Оно достигало пароксизма, если родители куда-то выходили вечером. Я смотрел на них, таких невыносимо прекрасных: элегантный папа в темном костюме и сияющая мама в платье с открытыми плечами, длинноногая, великолепная даже в скромных украшениях. Я любовался родителями и страдал, не понимая, кто эти незнакомцы. Передо мной была влюбленная пара, а не мои родители. Мама кокетничала – едва заметно, заигрывала с отцом и превращалась из моей матери в любовницу моего отца. А его взгляд становился «знойным», уголок рта приподнимался, он как будто провоцировал жену, чувствуя власть над ней… Я вздрагивал, слыша, как папа произносит: «Жаннин» – выдыхая звуки и округлив рот, как для поцелуя. Я смущался – и завидовал, меня очаровывало их соучастие, но чувствовал себя крошечным, смешным, нелепым. Ребенком. Всего лишь ребенком.

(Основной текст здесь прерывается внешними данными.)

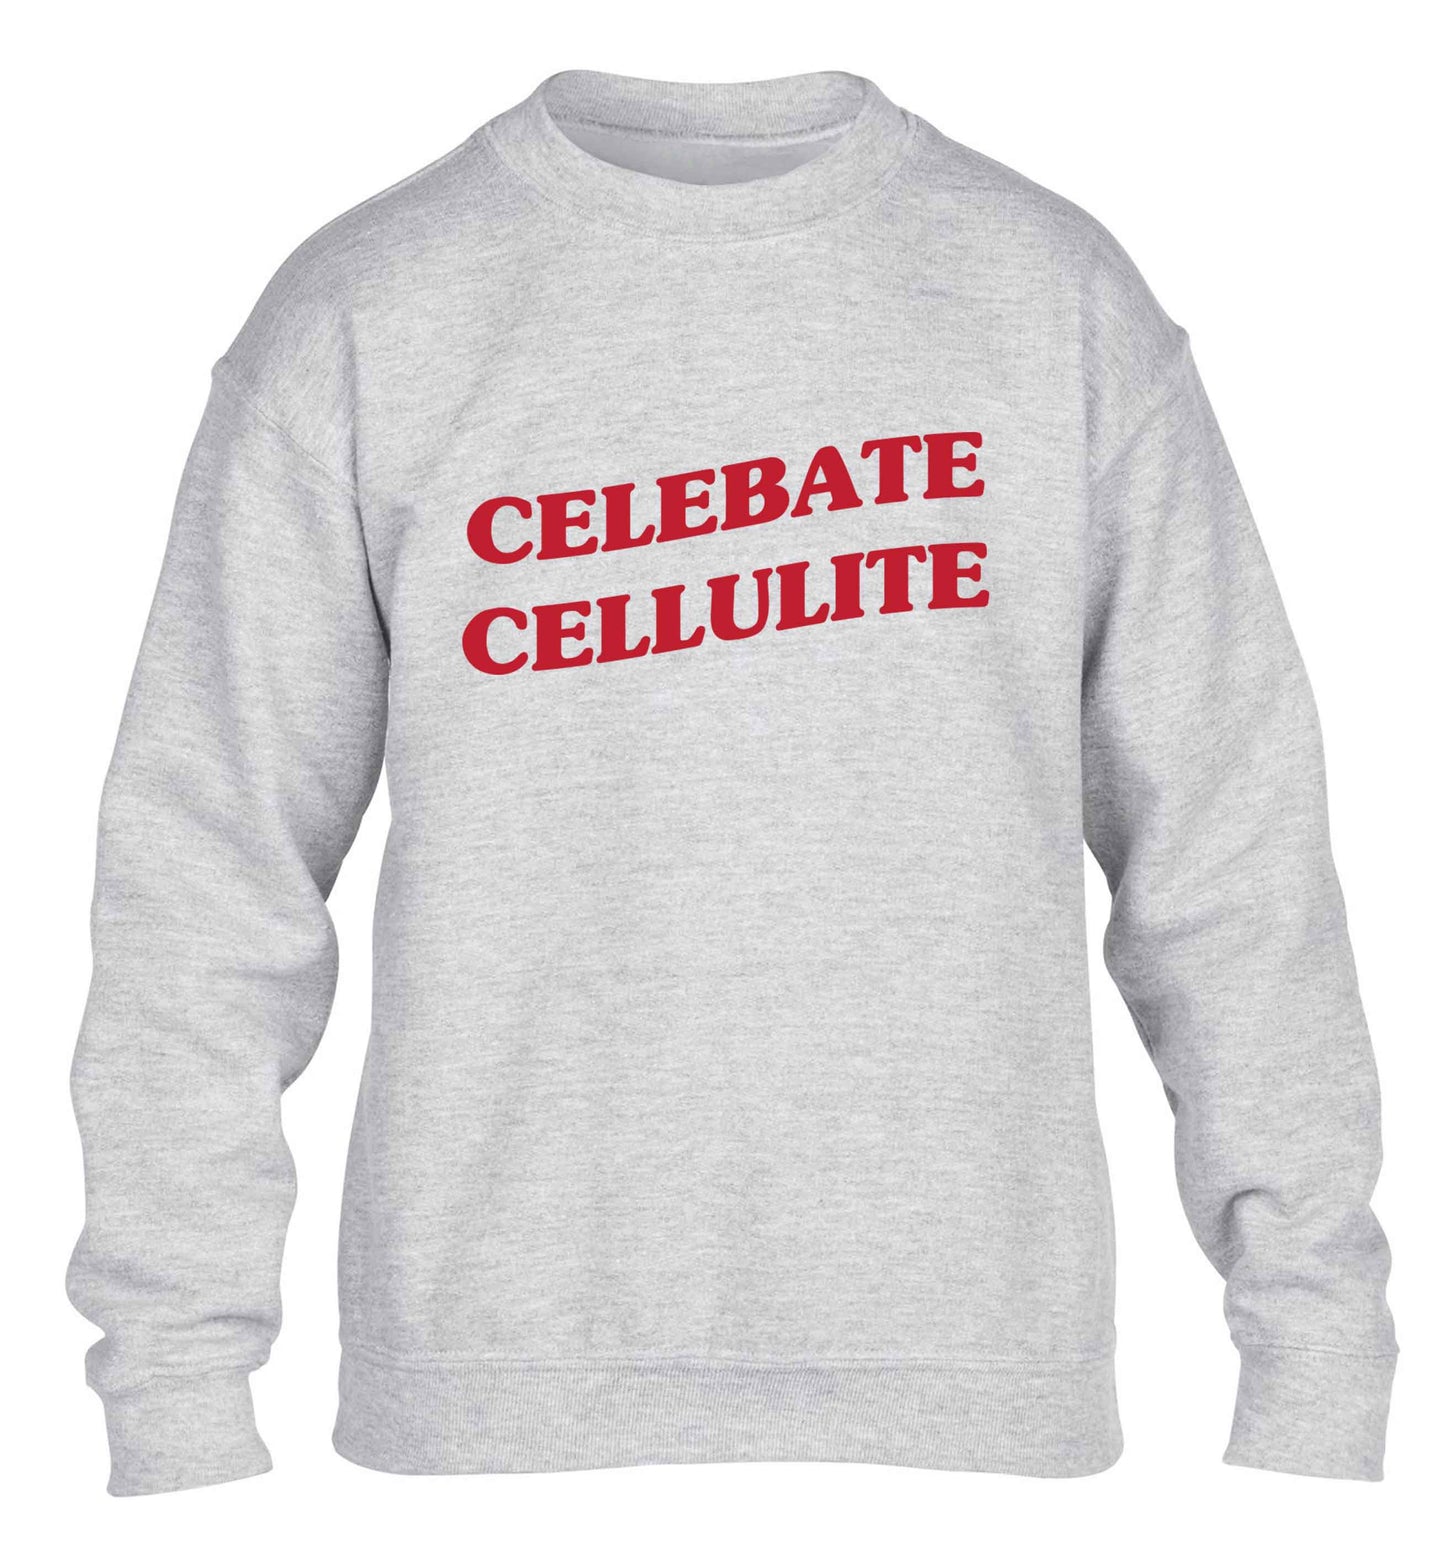 Celebrate cellulite children's grey sweater 12-13 Years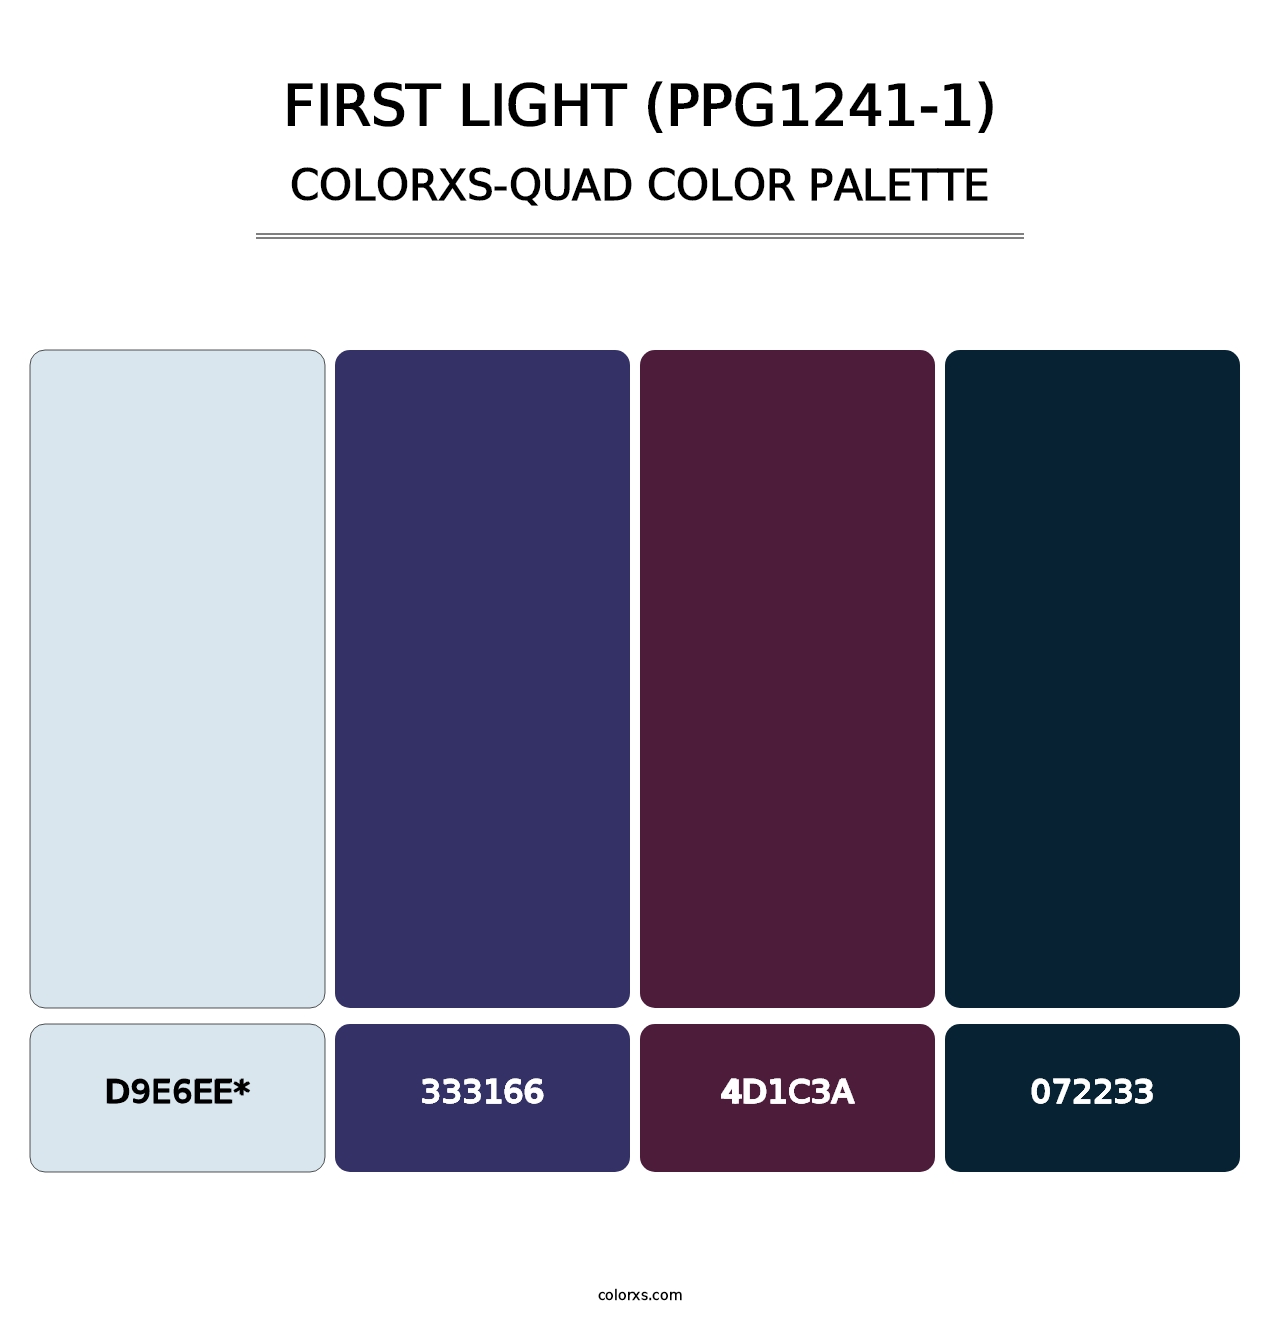 First Light (PPG1241-1) - Colorxs Quad Palette

Моя старшая сестра Флоранс радовалась нашим «вольным» вечерам, и мы упоенно предавались играм, а потом ложились спать. Я накрывался одеялом, зажигал ночник и приступал к своему главному занятию – ожиданию. Лежал, сложив руки на груди, и ждал. Прислушивался к шуму улицы и ждал. Каждую секунду надеялся услышать, как в замке поворачивается ключ, и ждал.
Апокалиптические идеи то и дело нарушали мою сосредоточенность: сбежавший из лечебницы псих убивает моих родителей или поджигает дансинг и все гибнут в пожаре. Автоужасы уступили место более эффектным кошмарам. Я мужественно боролся с игрой воображения, успокаивал дыхание – и продолжал ждать.
Услышав, что в замок вставили ключ, я убеждался, что не останусь сиротой, переворачивался на живот и мгновенно засыпал.
Тревожность так и не изжилась, но приобрела более лаконичные, переносимые формы… В двадцать лет я вылетел из гнезда, научился жить на приличном расстоянии от матери, привык к редким встречам. И все-таки… три-четыре дня без контакта с ней повергали меня в смятение. Часто телефонный звонок пугал до смерти, заставляя подозревать худшее.
Страх перед маминой смертью заполнял мою жизнь.
Теперь все кончено. Смерть убила страх.
Я ничего не боюсь.
Жить с предчувствием было легче, чем с реальностью пустоты.
* * *
Я тысячи раз оплакал мамину смерть, у меня выработалась привычка, я опередил время.
Странно, что у меня осталось так много слез.
* * *
Метаморфозы любви…
С детства моя привязанность к матери выражалась в навязчивом страхе потери.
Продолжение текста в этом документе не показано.